At Thursday 23 June Tepco-workers entered the building of reactor 2, to install a provisional gauge for measuring the water level inside the reactor. The original device was damaged in March. Next Saturday 25 June Tepco reported, that it was still not possible to obtain accurate data on the water level and pressure of this reactor. The temperature near the containment vessel is very high, because of this the gauge did not function properly: the water inside the tubes of the gauge was evaporated.

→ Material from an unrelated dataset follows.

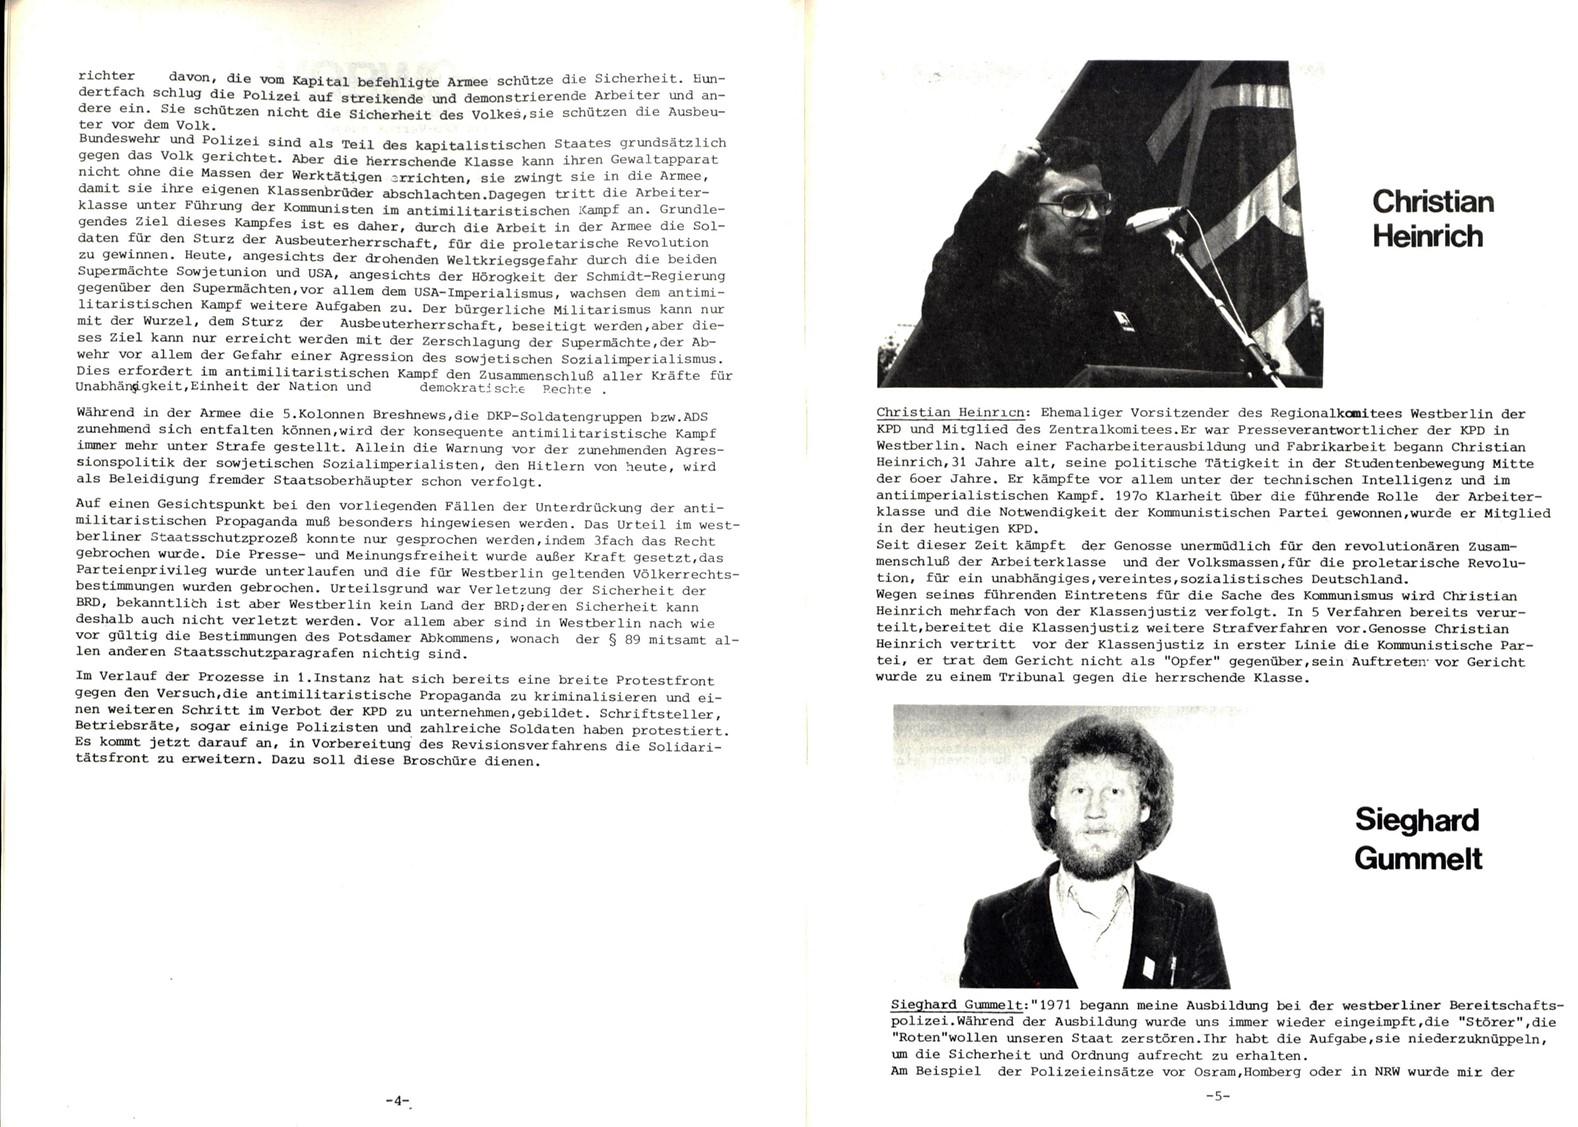 KPDAO_1976_Staatsschutzparagrafen_03

It was later revealed that workers were minutes from restoring power to the standby liquid control (SLC) system pumps in unit 2 as a way to inject borated water once the RCIC shut down and had spent hours laying cable from a generator truck to the unit 2 power center when the unit 1 explosion occurred. This damaged the cable preventing this method from being used. It is possible this system could have prevented a complete meltdown as it took hours after the explosion until injection using fire trucks could be started.

Explosion
An explosion was heard after 06:14 JST on 15 March in Unit 2, possibly damaging the pressure-suppression system at the bottom part of the containment vessel. The radiation level was reported as exceeding the legal limit, and the plant's operator started to evacuate all non-essential workers from the plant. Only a minimum crew of 50 men, also referred to as the Fukushima 50, was left at the site. Soon after, radiation equivalent dose rates had risen to 8.2 mSv/h around two hours after the explosion and again down to 2.4 mSv/h, shortly after. Three hours after the explosion, the rates had risen to 11.9 mSv/h.

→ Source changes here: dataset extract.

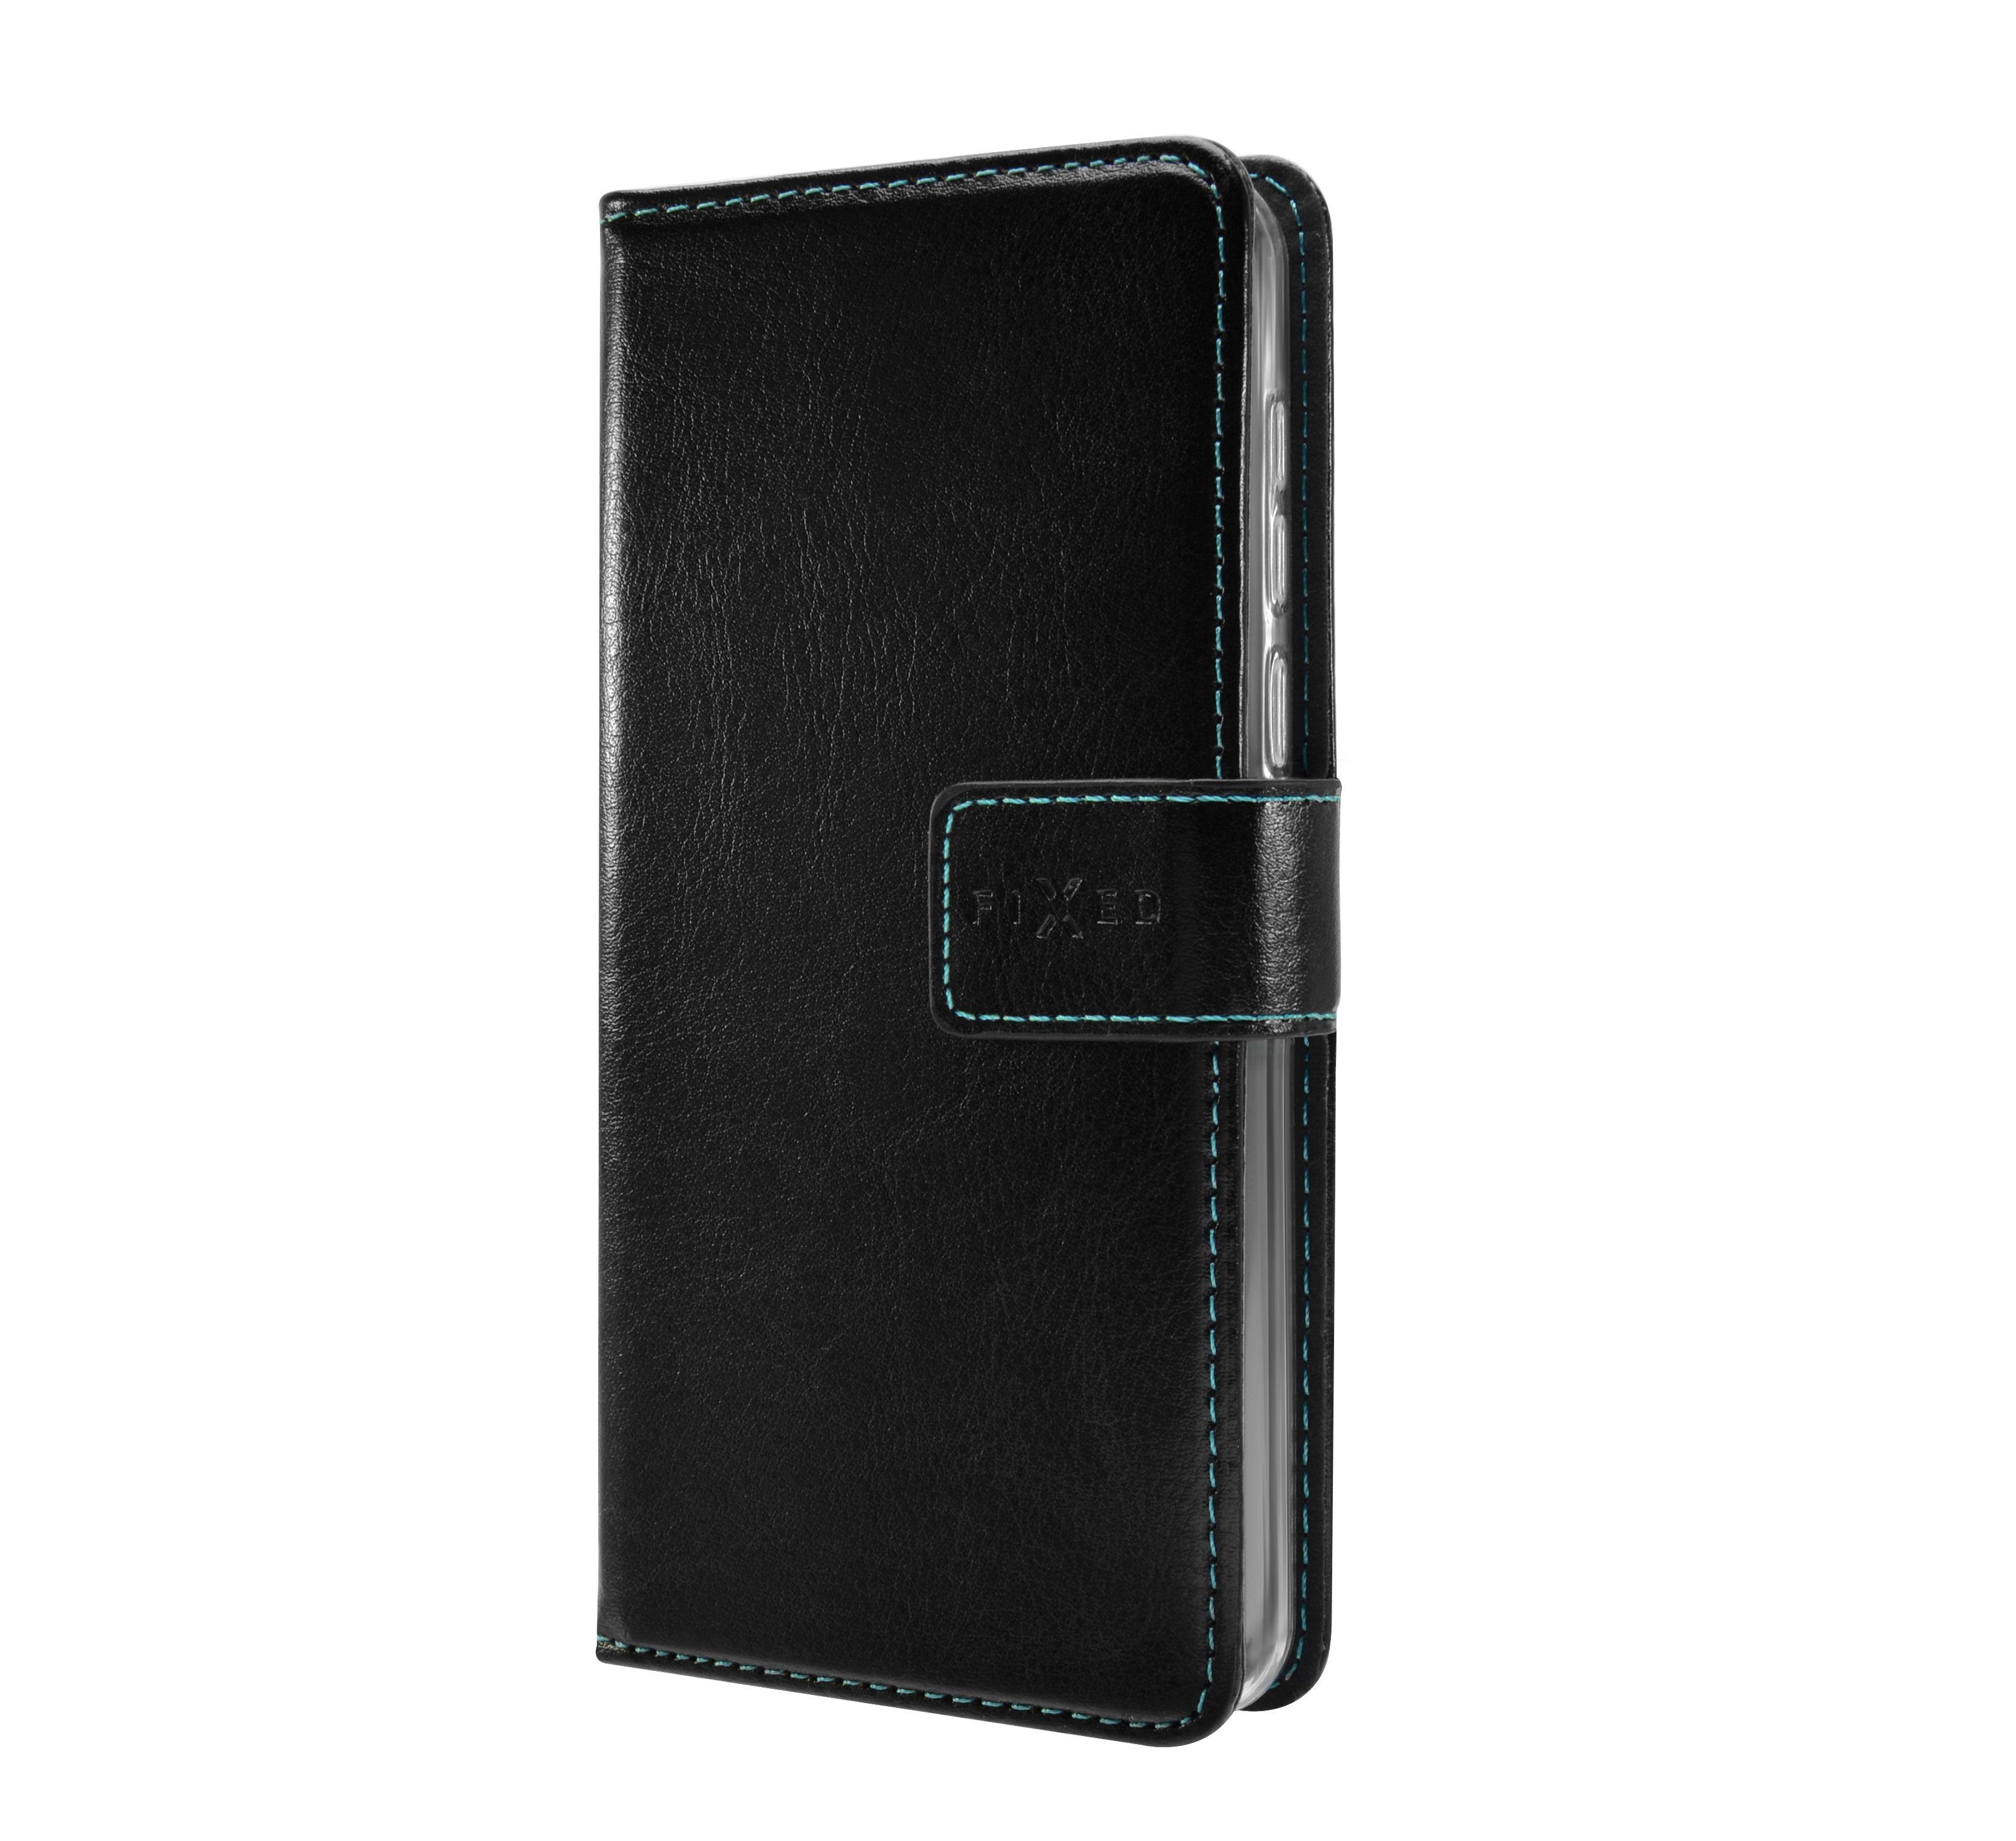 Pouzdro typu kniha FIXED Opus pro Xiaomi Redmi Go, černé

While admitting that the suppression pool at the bottom of the containment vessel had been damaged in the explosion, causing a drop of pressure there, Japanese nuclear authorities emphasized that the containment had not been breached as a result of the explosion and contained no obvious holes. In a news conference on 15 March the director general of the IAEA, Yukiya Amano, said that there was a "possibility of core damage" at Unit 2 of less than 5%. Japan's Nuclear and Industrial Safety Agency (NISA) stated 33% of the fuel rods were damaged, in news reports the morning of 16 March. On 30 March, NISA reiterated concerns about a possible Unit 2 breach at either the suppression pool, or the reactor vessel. NHK World reported the NISA's concerns as "air may be leaking", very probably through "weakened valves, pipes and openings under the reactors where the control rods are inserted", but that "there is no indication of large cracks or holes in the reactor vessels".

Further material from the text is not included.